▶ _Record extracts_
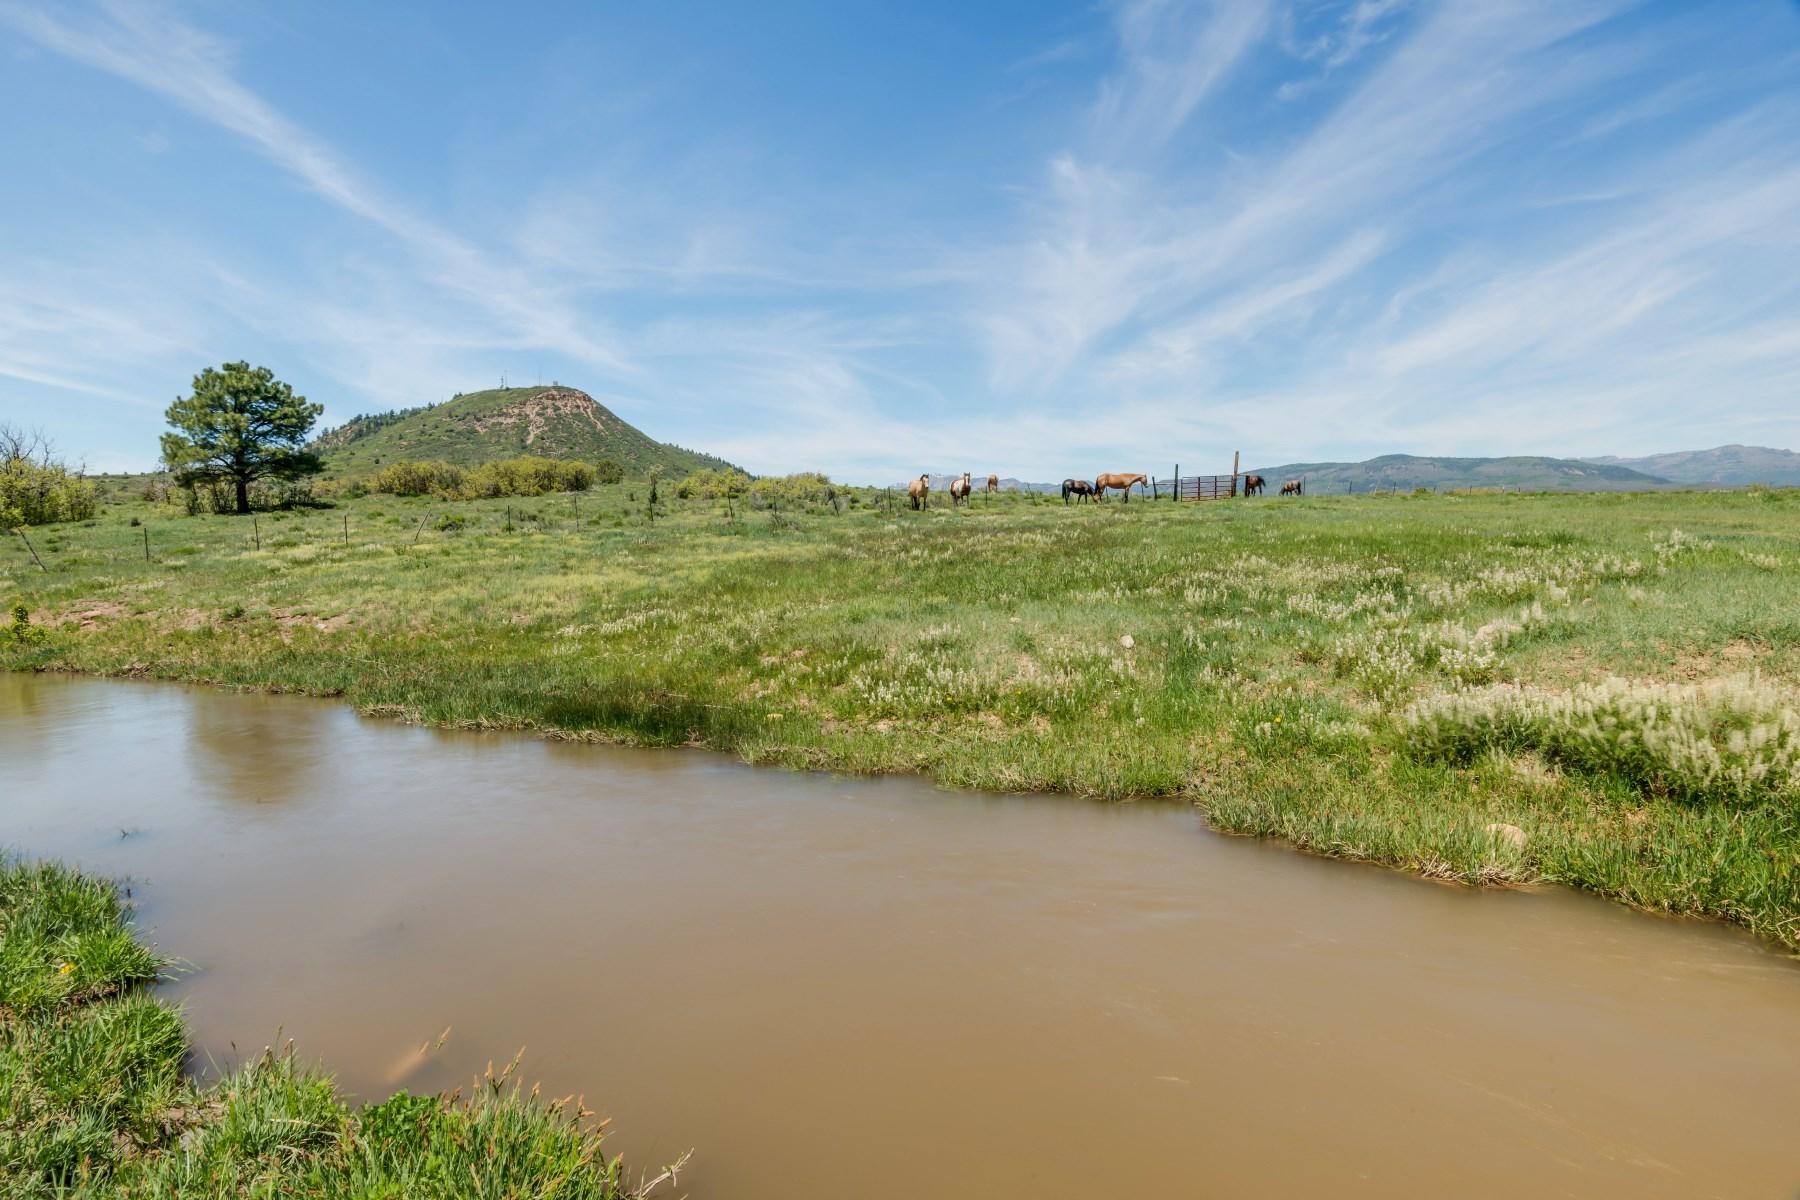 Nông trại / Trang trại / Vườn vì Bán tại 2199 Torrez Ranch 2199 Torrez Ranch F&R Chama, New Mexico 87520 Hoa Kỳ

...

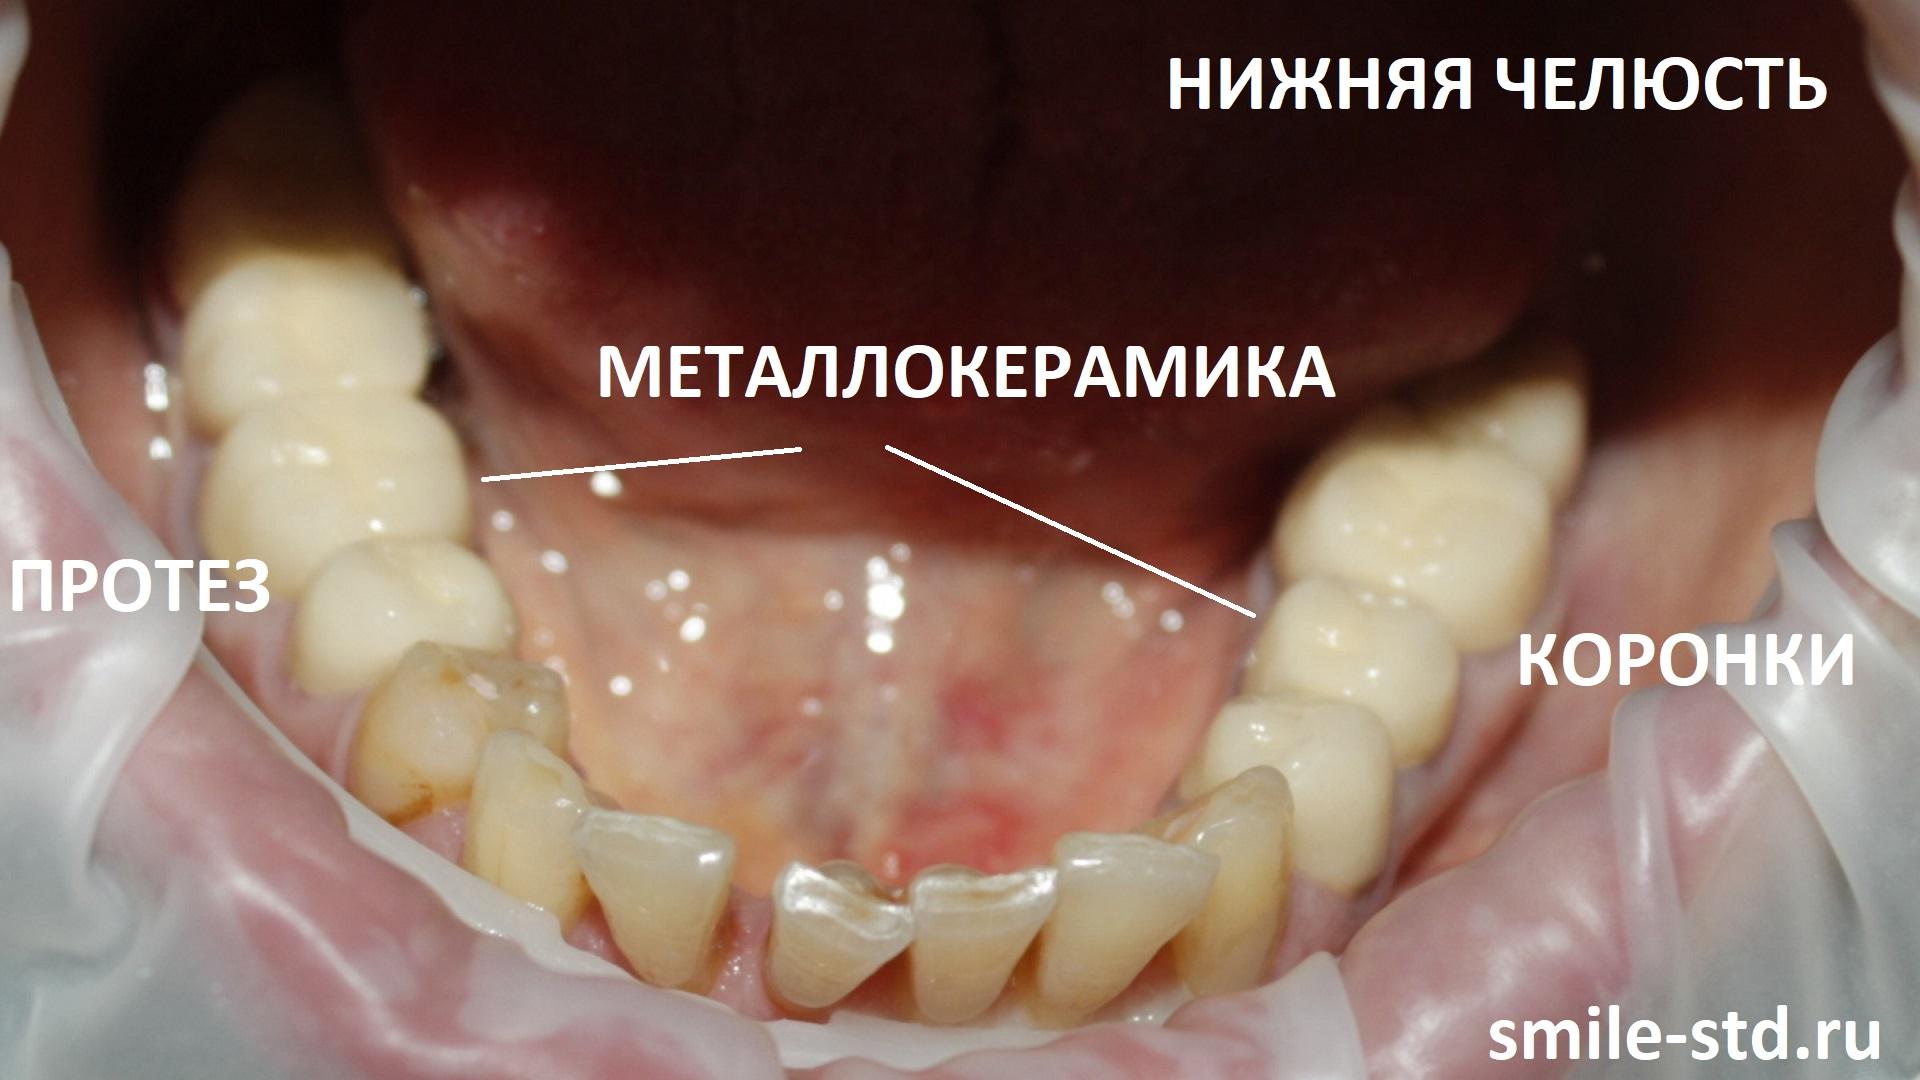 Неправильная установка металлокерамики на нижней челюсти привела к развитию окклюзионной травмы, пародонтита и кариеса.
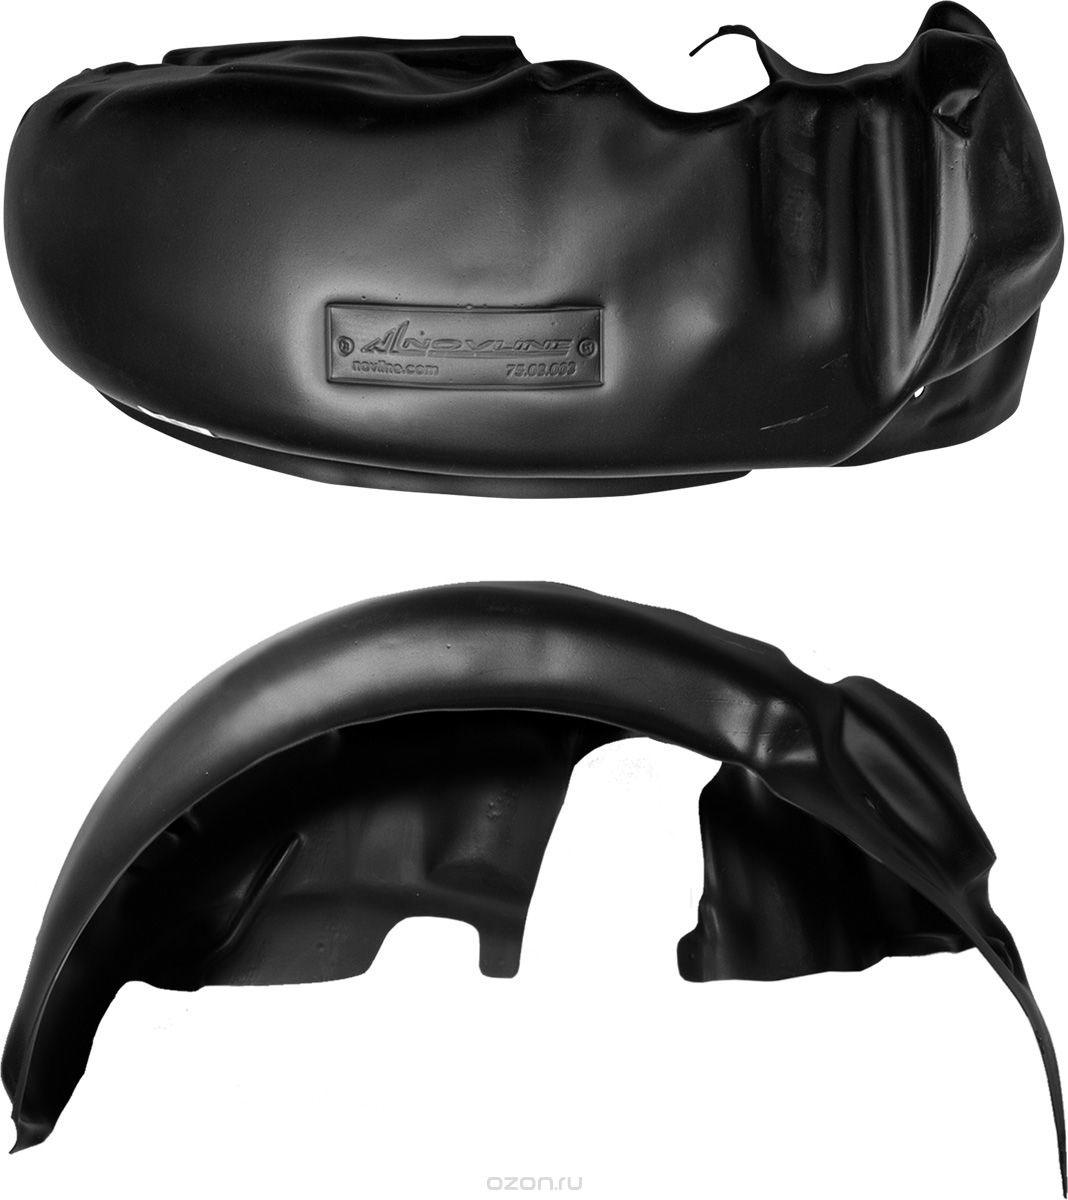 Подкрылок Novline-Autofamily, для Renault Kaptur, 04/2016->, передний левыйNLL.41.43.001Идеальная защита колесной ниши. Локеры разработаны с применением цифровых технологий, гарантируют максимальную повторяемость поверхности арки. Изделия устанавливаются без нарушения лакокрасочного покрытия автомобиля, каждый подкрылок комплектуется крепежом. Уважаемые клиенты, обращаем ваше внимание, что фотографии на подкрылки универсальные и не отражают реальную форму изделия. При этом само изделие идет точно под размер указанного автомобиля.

▶ _Exercise_
Working from the entries above, reproduce exactly and only the lines beginning with the line that has "Неправильная установка металлокерамики" and ending with the line that has "Подкрылок Novline-Autofamily, для"; omit all pictures.

▶ _Solution below_
 Неправильная установка металлокерамики на нижней челюсти привела к развитию окклюзионной травмы, пародонтита и кариеса.
 Подкрылок Novline-Autofamily, для Renault Kaptur, 04/2016->, передний левыйNLL.41.43.001Идеальная защита колесной ниши. Локеры разработаны с применением цифровых технологий, гарантируют максимальную повторяемость поверхности арки. Изделия устанавливаются без нарушения лакокрасочного покрытия автомобиля, каждый подкрылок комплектуется крепежом. Уважаемые клиенты, обращаем ваше внимание, что фотографии на подкрылки универсальные и не отражают реальную форму изделия. При этом само изделие идет точно под размер указанного автомобиля.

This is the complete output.